# I need pictures of vintage panniers.



## Lotophage (Feb 19, 2011)

I want to sew a set of panniers and I'd love them to be traditionally styled, just made out of lighter materials like spectra cloth.

So I'm looking for pictures of vintage canvas panniers that I can reverse engineer.

I've got plenty of reference for Berthoud/TA bags, but I'd love to see if there are any other good ideas from the past out there.

Thanks!


----------



## Touch0Gray (May 29, 2003)

http://www.flickr.com/photos/bikerescue/2918797717/

http://www.sportsunlimitedinc.com/duluth-pack-pannier-style-canvas-bike-bag.html?CID=GoogleShopping

http://www.etsy.com/listing/46490963/city-bicycle-panniers-brown-waxed

http://www.instructables.com/id/Bicycle-Paniers-from-canvas-military-surplus-map-b/

They are available....but i do see the NEED to do it yourself......I'm like that too


----------



## Touch0Gray (May 29, 2003)

https://www.ecovelo.info/2008/05/19/basil-kavan-ii-natural-panniers/

VERY NICE...check out Basil's site











make a set of these....please post pictures!


----------



## Lotophage (Feb 19, 2011)

Thanks for the links!

I know it'd be easier to buy them and I've considered talking to berthoud and asking them to sew me some made from spectra instead of canvas. but I'm guessing that would be prohibitively expensive.

I've just been very disappointed that most sets seem to weigh 4-5 pounds just for the panniers.
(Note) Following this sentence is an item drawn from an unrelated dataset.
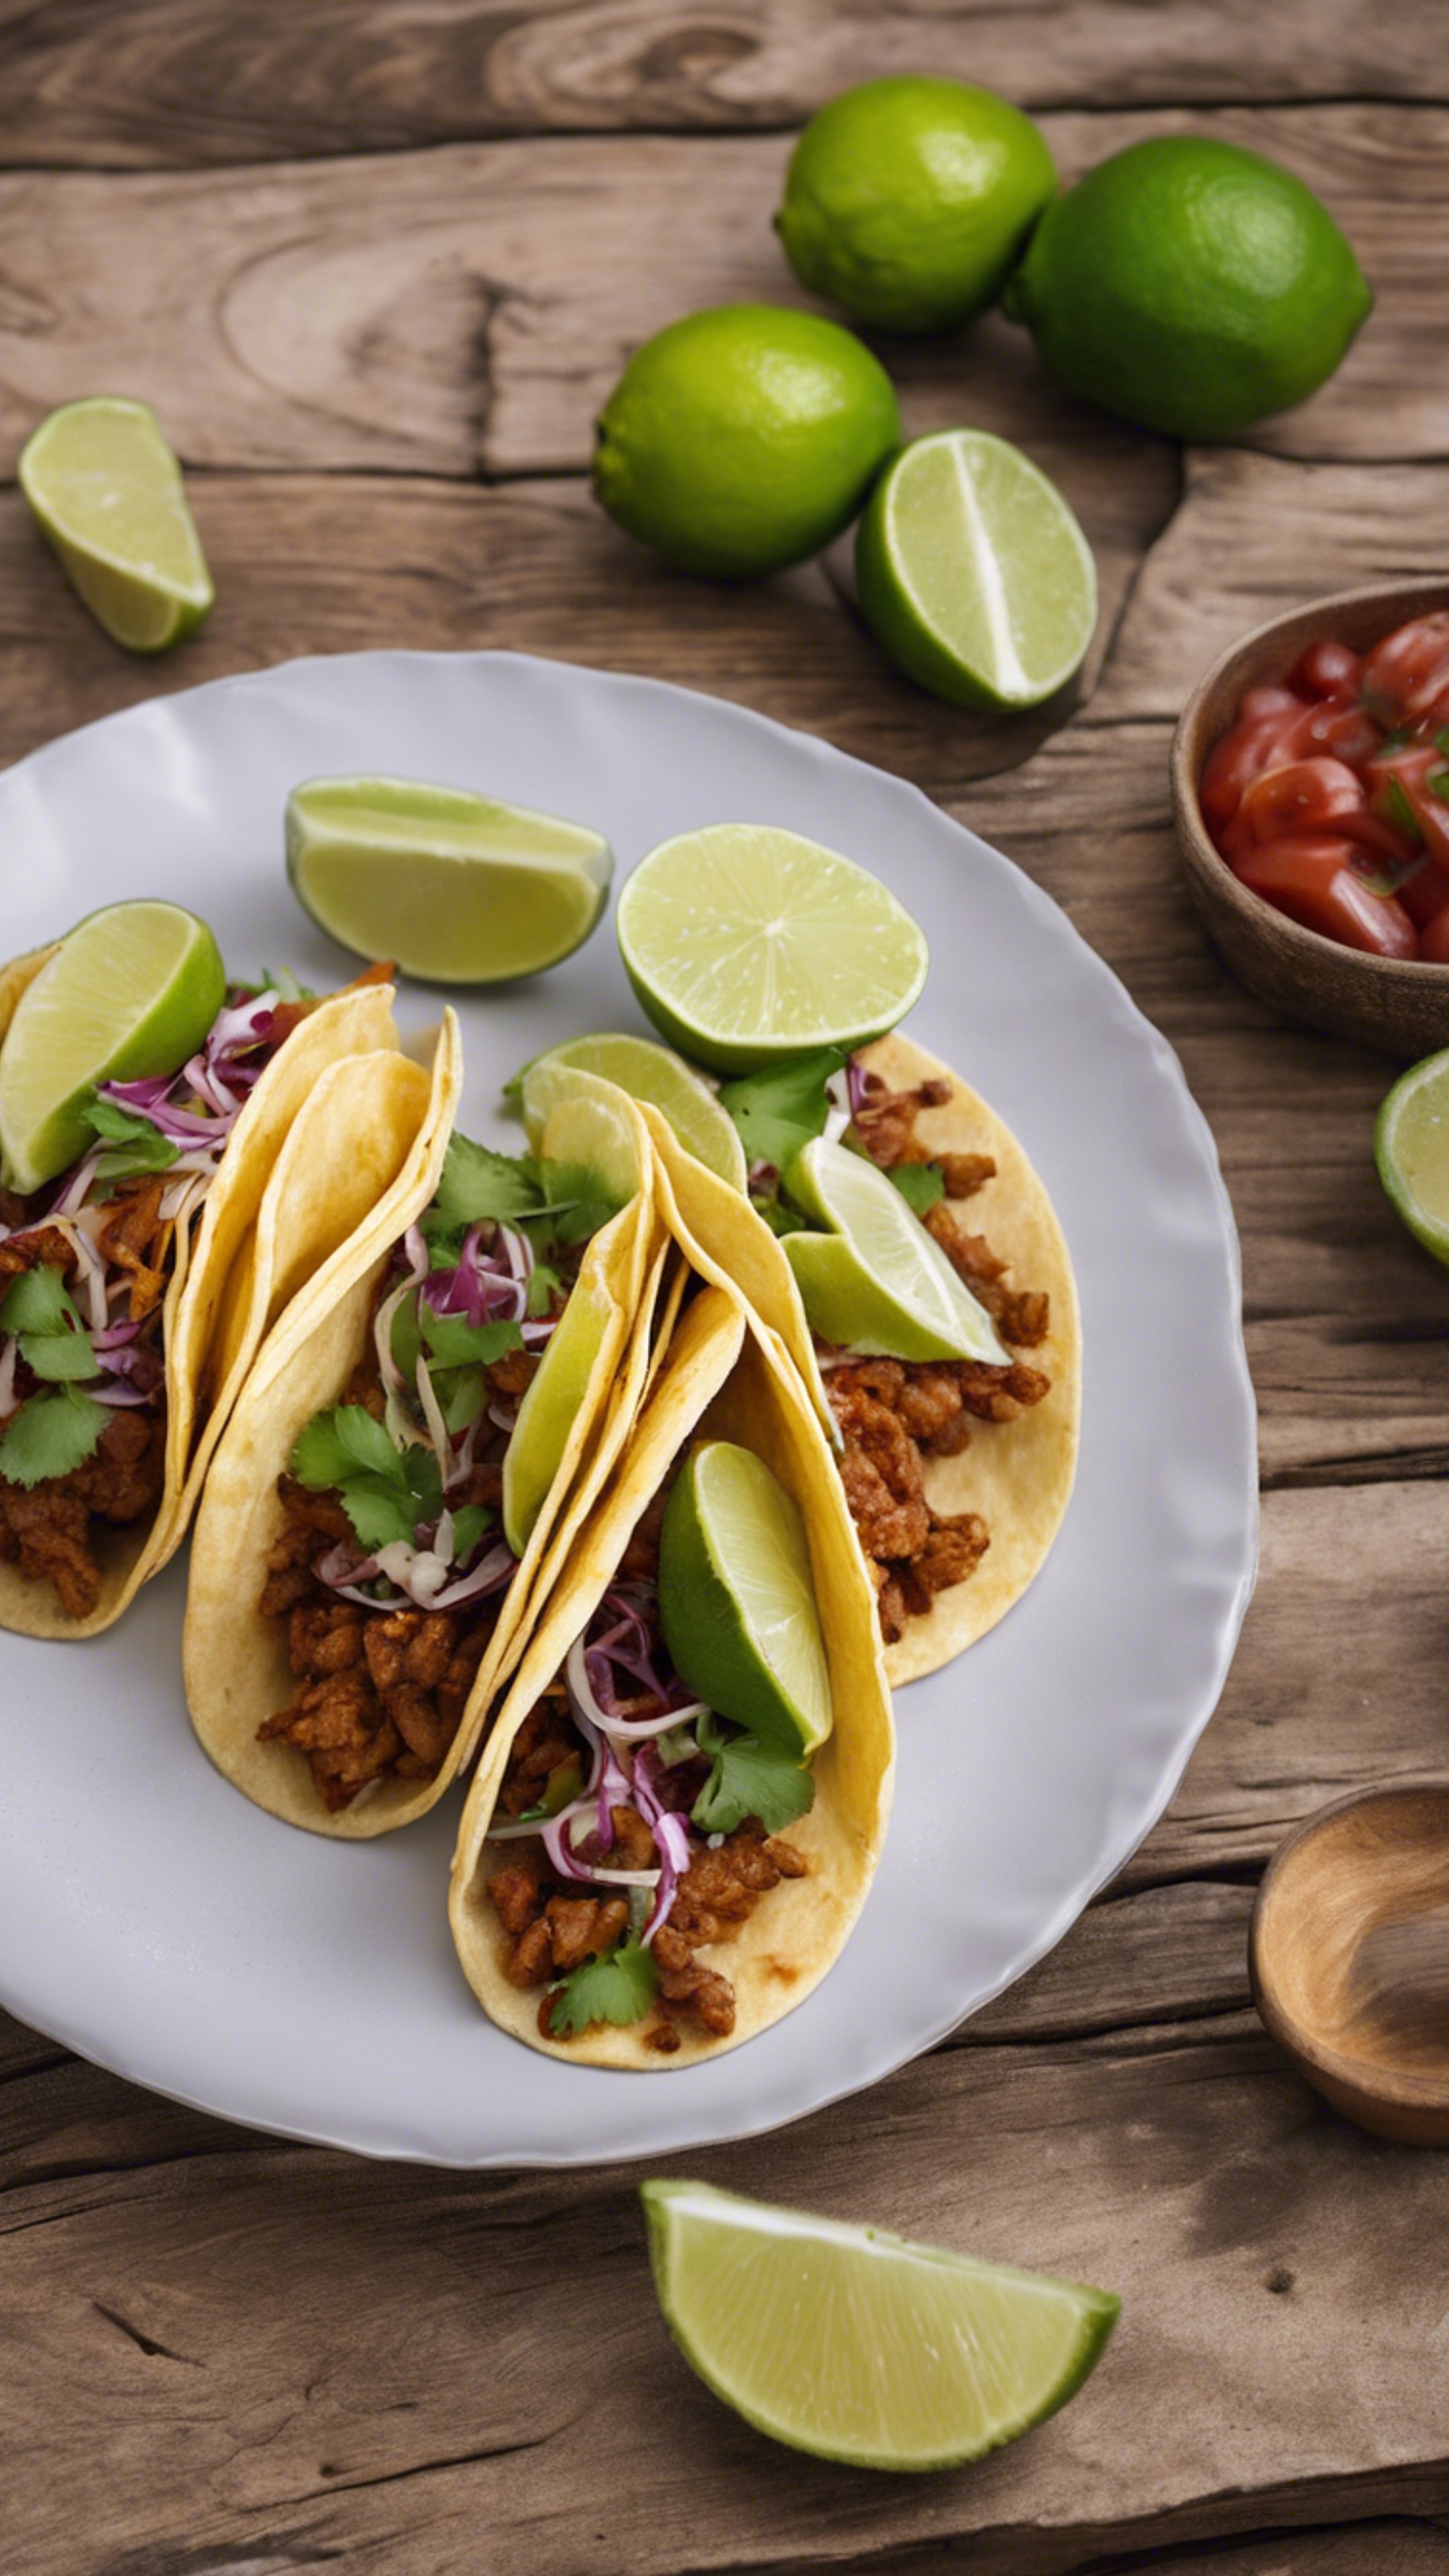 A plate of tacos garnished with fresh lime wedges on a rustic wooden table. کاغذ دیواری[5f6c6b777f9c4d0caf3c]
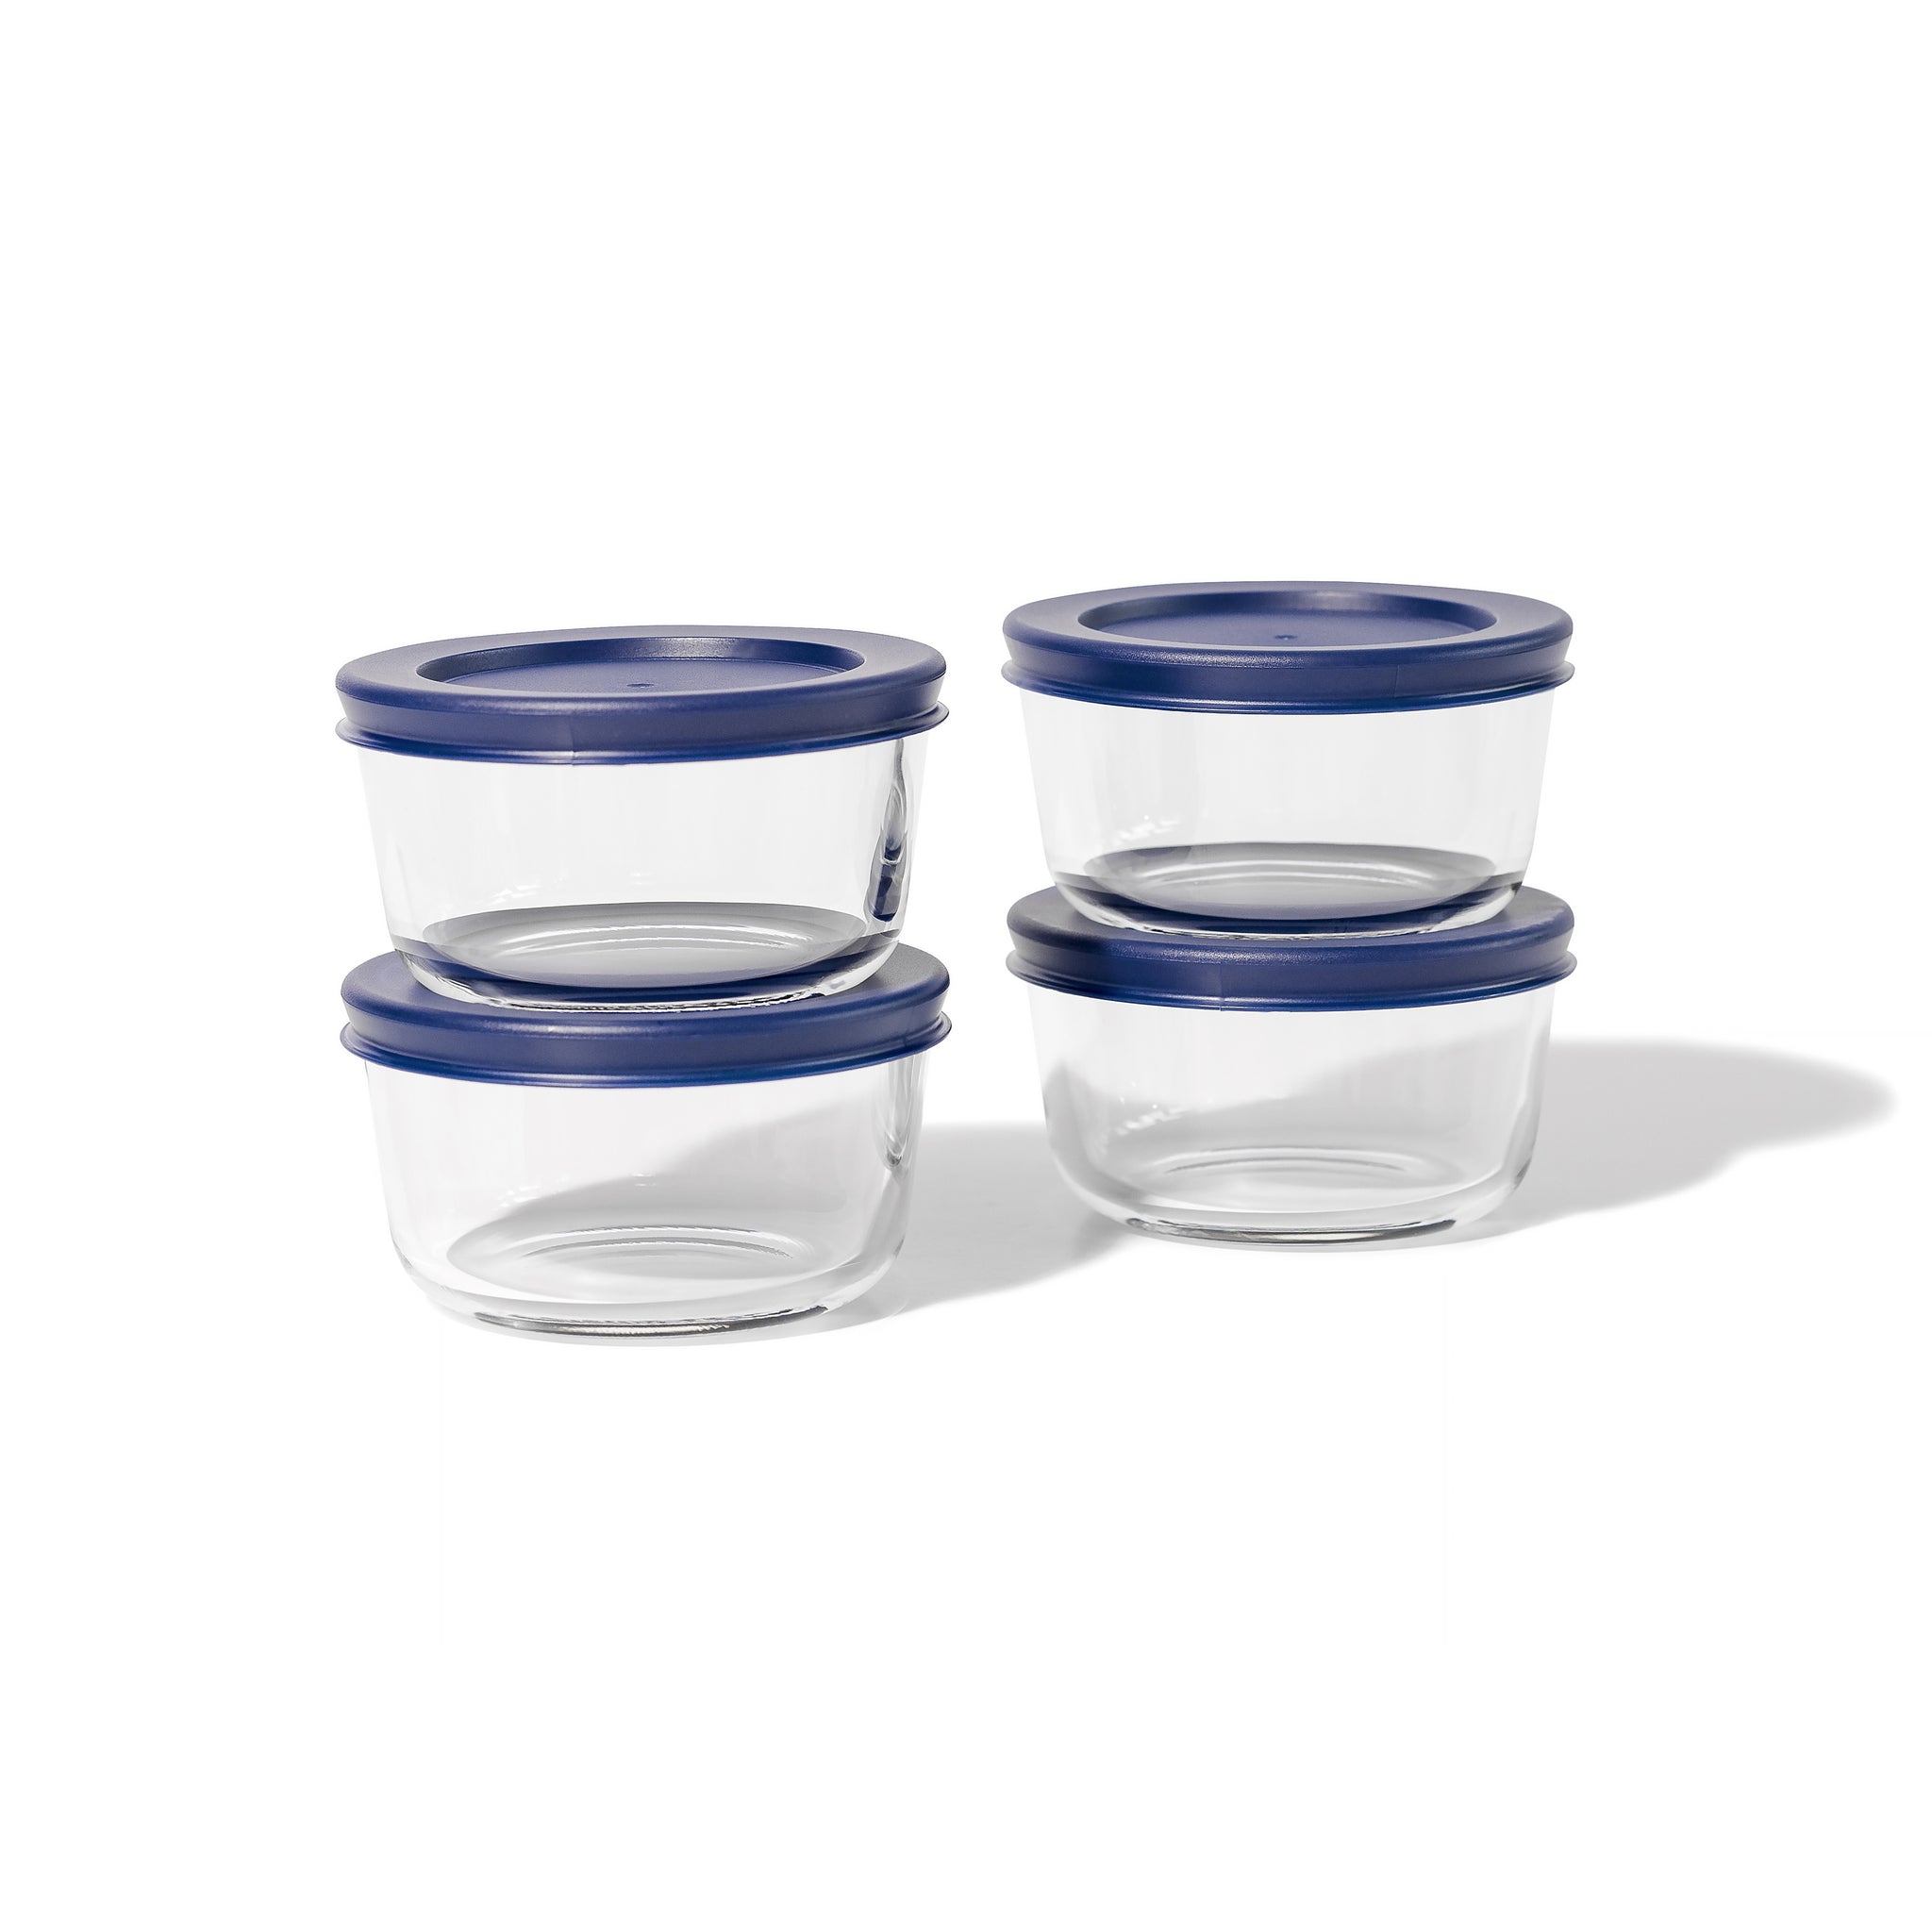 4 PIECE SET ROUND (1 CUP / 8.12OZ) ROUND GLASS BAKING DISHES WITH LIDS-NAVY BLUE

My backpacking gear is light, my backpack, which is far more complicated than a pannier, is light so I see no reason for panniers to be stuck in the 80s in regards to weight. 

And I figure the older styles will be a lot easier to sew- less little fiddly pieces. Figure there have to be a hundred seams in my Arkel panniers.

And I figure waterproof is silly for panniers- they just need to be a bag that hold my gear. Figure the few things that need to stay dry fit in a lightweight dry bag...

But, we'll see. I've got an idea for an ultralight pannier that's basically mesh+strap webbing and would fold up into a very small bag, but who knows if it will work...


----------



## Touch0Gray (May 29, 2003)

trust me...i am a do-it-yourselfer too....so i get it

Those basil are gorgeous!


----------



## Indyfan (Mar 30, 2004)

I agree with TOG, those Basils are nice. Lotophage - don't forget that you need a sitffener of some sort for the "rack" side of the pannier to keep it from flapping into the tire/rim/spokes. I've been considering making some of my own as well and I'm trying to work that one out with something light. Good luck with your project.

Bob


----------



## Touch0Gray (May 29, 2003)

you done yet?...where's the pictures?..... man you're slow.......


----------



## Lotophage (Feb 19, 2011)

Gotta put in a new floor this weekend. And source/build some new poles for my tent. etc. This is not a high priority project...


----------



## Touch0Gray (May 29, 2003)

likely story.............I bet your house already has a floor...........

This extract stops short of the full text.